Vielleicht erwarte ich das Falsche: Cartoons mit Witz
Die 41-Jährige ist eine schwedische Feministin, Cartoonistin und Bestsellerautorin, jedenfalls im Comicmaßstab. Ihre Bände „Der Ursprung der Liebe“ und „Der Ursprung der Welt“ verkaufen sich tüchtig, sie wurde gelobt („sehr witzig“/RBB, „hinterfotzig“/NZZ), auch hier und hier bei Spiegel Online („überzeugende Witzarbeit“). Jetzt erscheint ihr dritter Band „I’m Every Woman“. Nach der Lektüre bin ich enttäuscht, gelinde gesagt. Aber vielleicht erwarte ich auch das Falsche. Zum Beispiel Cartoons, die a) witzig sein sollten, womöglich sogar durch b) die Zeichnung.
Ich gebe zu, dass weder a) noch b) leicht fallen, wenn der Cartoon darin besteht, dass man entweder eine Figur zum einer randvollen Sprechblase stellt oder die Figur lieber gleich ganz weglässt, um eine handschriftliche Bleiwüste zu drucken. Es kann aber auch daran liegen, dass Strömquist erhebliche Probleme mit dem Konzept von „Humor“ hat. Wie erklärt sich sonst ihr Simpsons-Cartoon?

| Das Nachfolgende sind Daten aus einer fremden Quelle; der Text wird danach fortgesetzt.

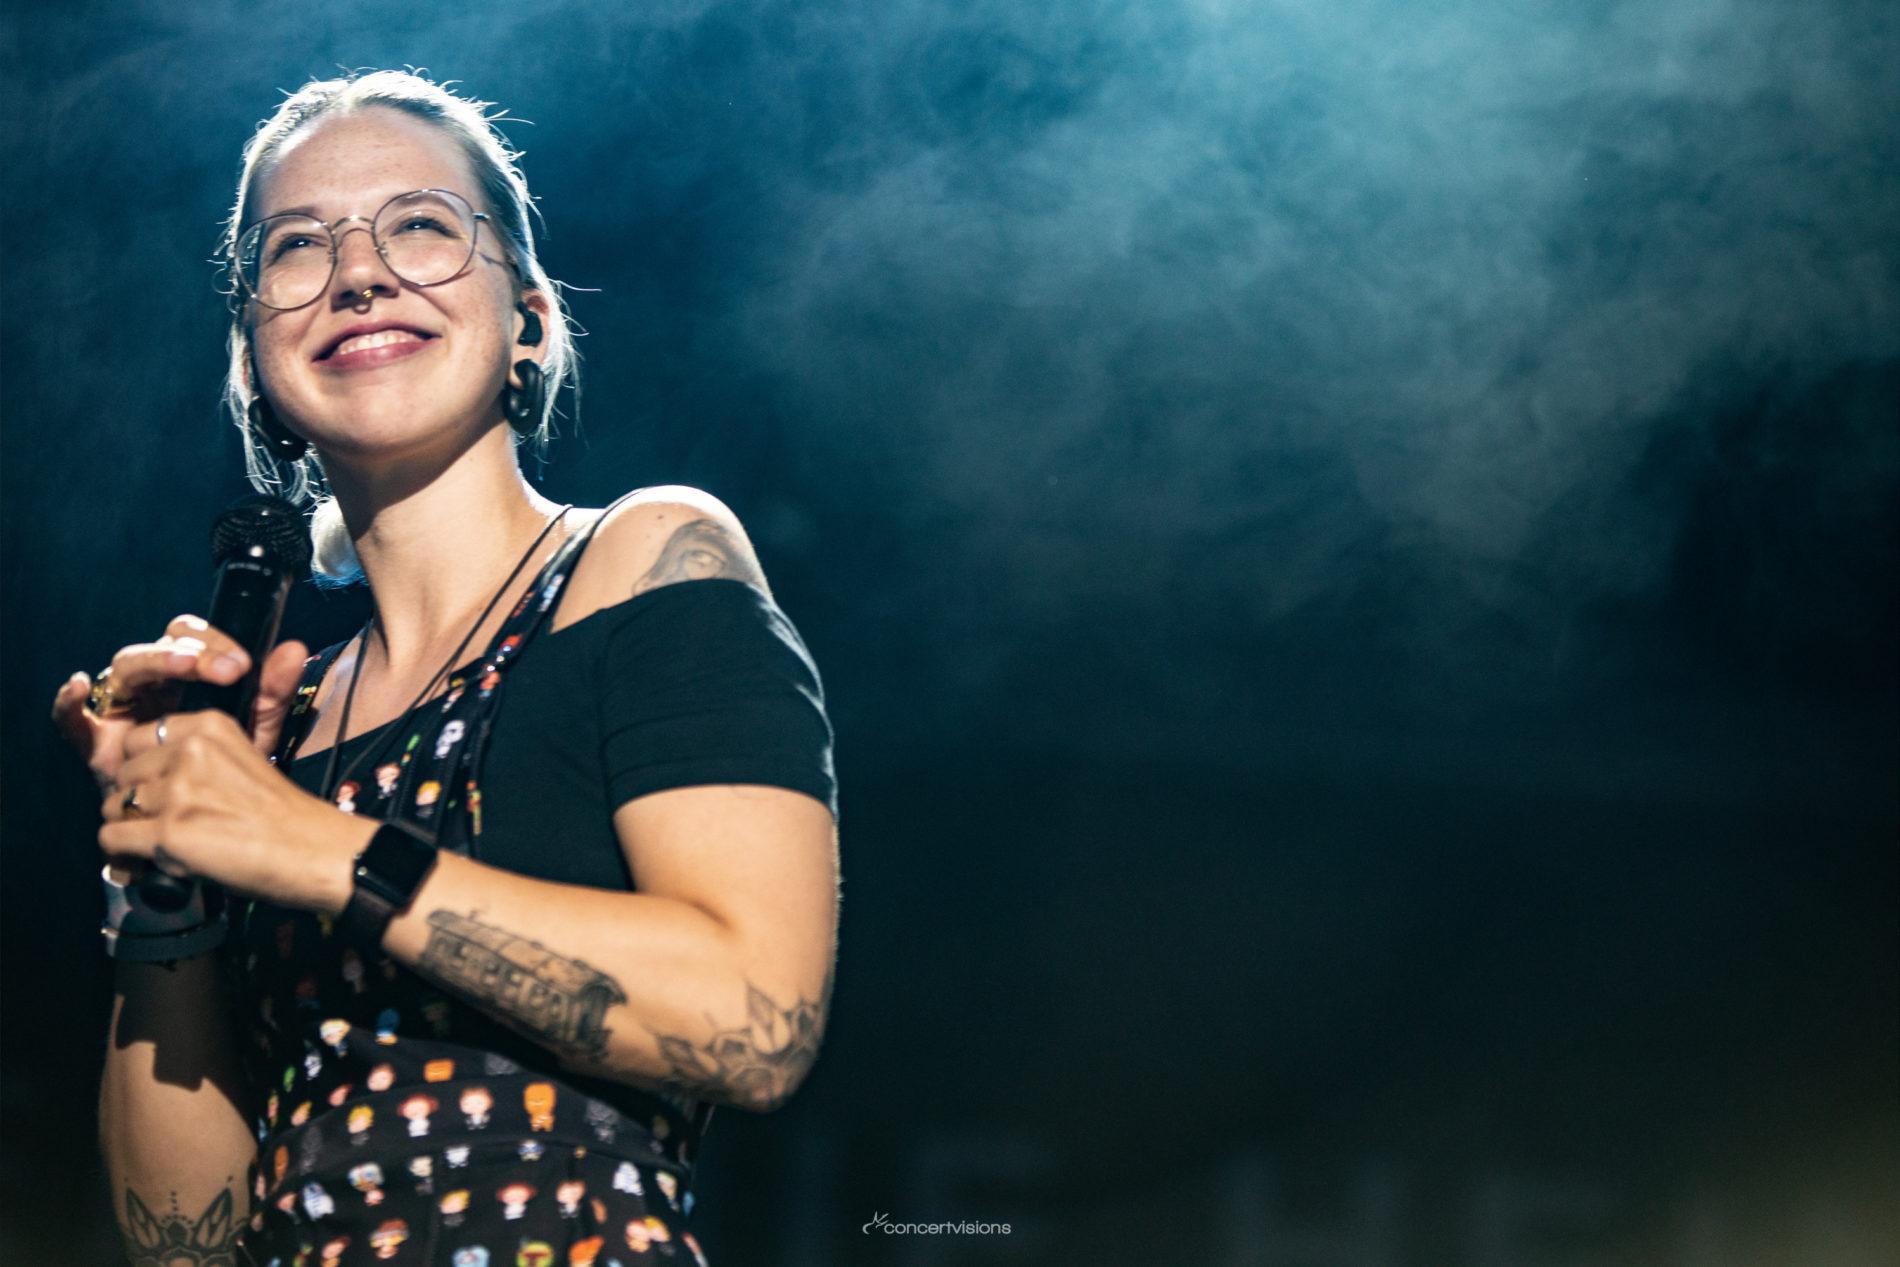 Stadtfest Ludwigshafen 2019 mit Stefanie Heinzmann

Erkennt Strömquist Satire, wenn sie davorsteht?
Die „Simpsons“ karikieren seit 30 Jahren die Ehe von Marge und Homer. Ein fetter, träger Depp ignoriert seine Frau, die deutlich cleverer ist als er, weshalb der Zuschauer sofort denkt: „Das ist nicht okay.“ Und Strömquist? Sie zeichnet Homer und Marge mit vertauschten Rollen: Marge sitzt fett auf dem Sofa, ein sportlich-schlanker Homer muss ihr Bier holen und das Kind hüten. Sinn ergibt das nur, wenn Strömquist den Simpsons-Machern unterstellt, sie hielten diese Ehe für vorbildlich. Kann doch nicht sein.
Oder?
Nun ja. Strömquist glaubt auch, dass man Witze erklären muss. Eine Cartoonserie von ihr schreibt tierisches Verhalten Menschen zu: Nachts geil schreien, bis ein Sexpartner kommt. Oder eigene Kinder anderen vor die Tür legen. Muss man Katze oder Kuckuck dazu schreiben? Strömquist muss.
Waren die Eagles wirklich im Hotel California?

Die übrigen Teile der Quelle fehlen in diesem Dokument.